On Sunday, the German Defense Minister asserted that Afghanistan is not ready to tackle its own national security against the Taliban and other radical Islamist groups.
“It is not a question of a time frame that must be stubbornly stuck to,” stated Berlin’s Defense Minister Ursula von der Leyen, speaking before German troops during a visit to the Bundeswehr’s Afghan base in Mazar-i-Sharif.
“We need patience and staying power,” she said.
The Bundeswehr, the unified armed forces of Germany, has been in Afghanistan as part of a NATO “Resolute Support” mission which began on January 1, 2015. Among the mission’s goals are the training of Afghan security forces to fight groups including the Taliban, the Haqqani network and any regional representatives of Daesh. The German military is said to be primarily conducting these training programs in the city of Kunduz in northern Afghanistan.
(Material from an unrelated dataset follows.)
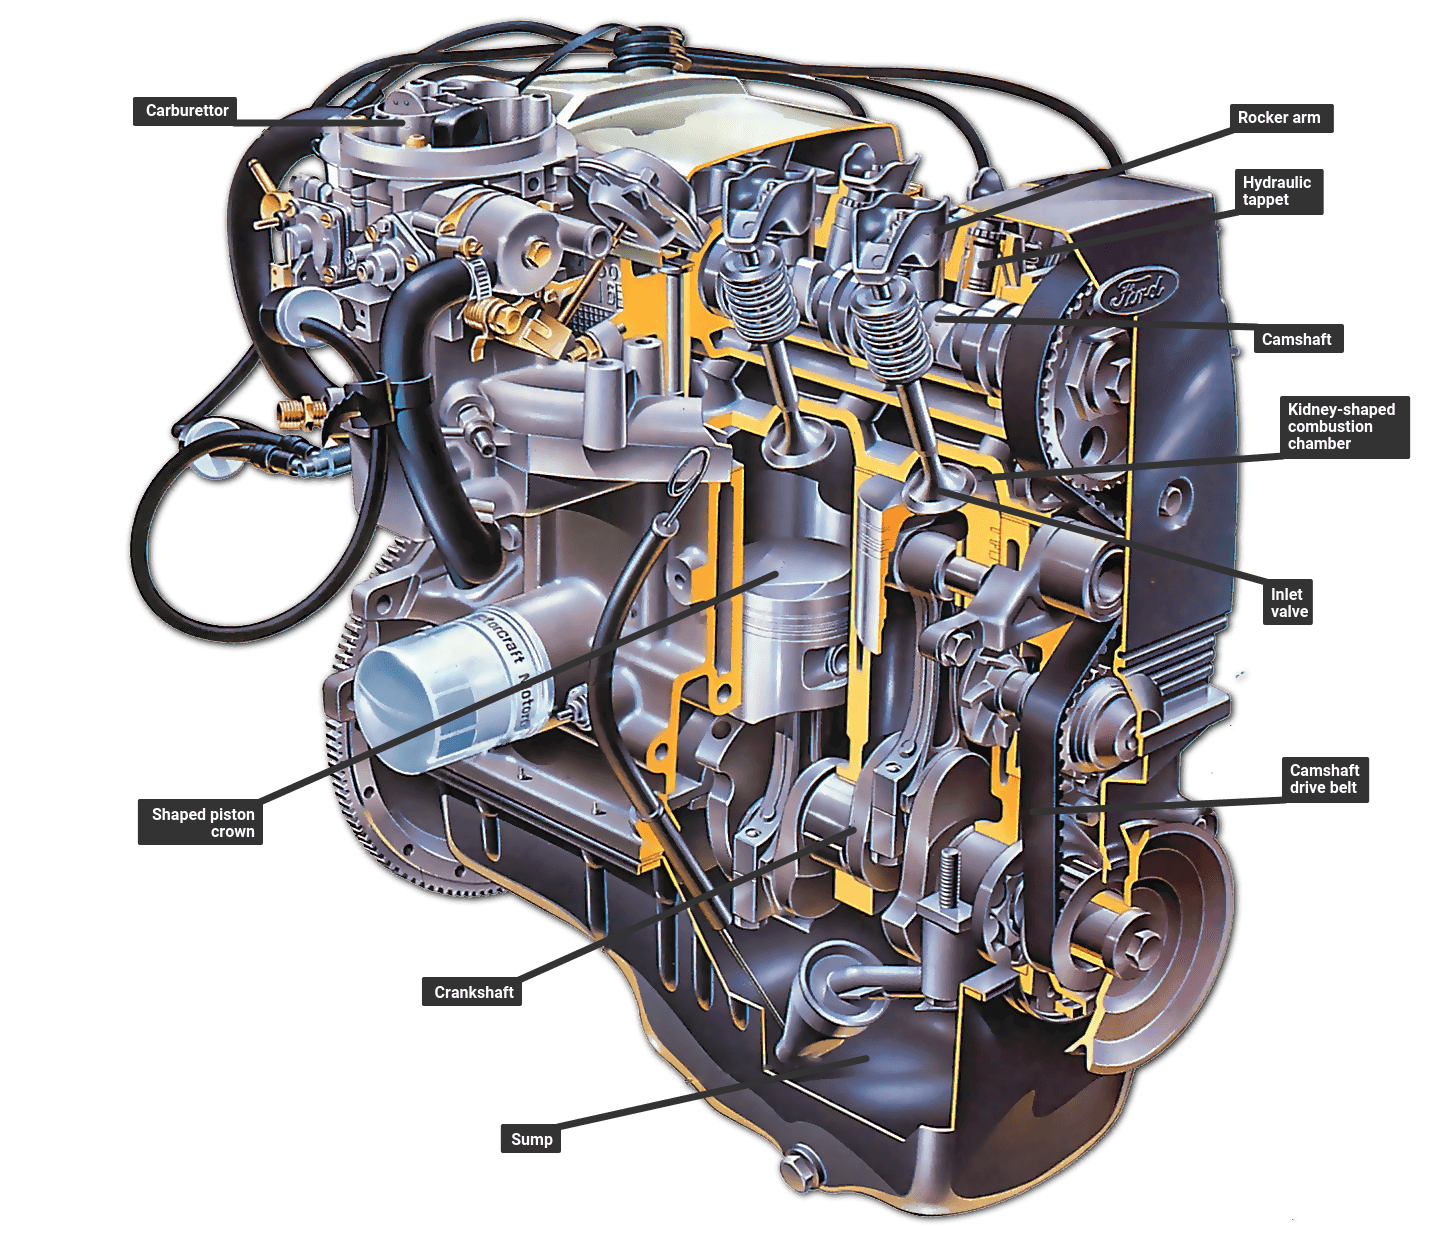 Lean Burn Engines How A Car Works

Von der Leyen’s comments come after the German government increased its troop deployment from 980 to 1,300 in March, despite concerns that increasing numbers would result in a more rapid deterioration of the Bundeswehr’s aging military hardware.
Germany’s coalition government has promised to increase military spending by around $12.4 billion over the next four years, according to multiple sources.
Von der Leyen’s announcement that German troops would remain longer in Afghanistan is indicative of a declining security situation in the country.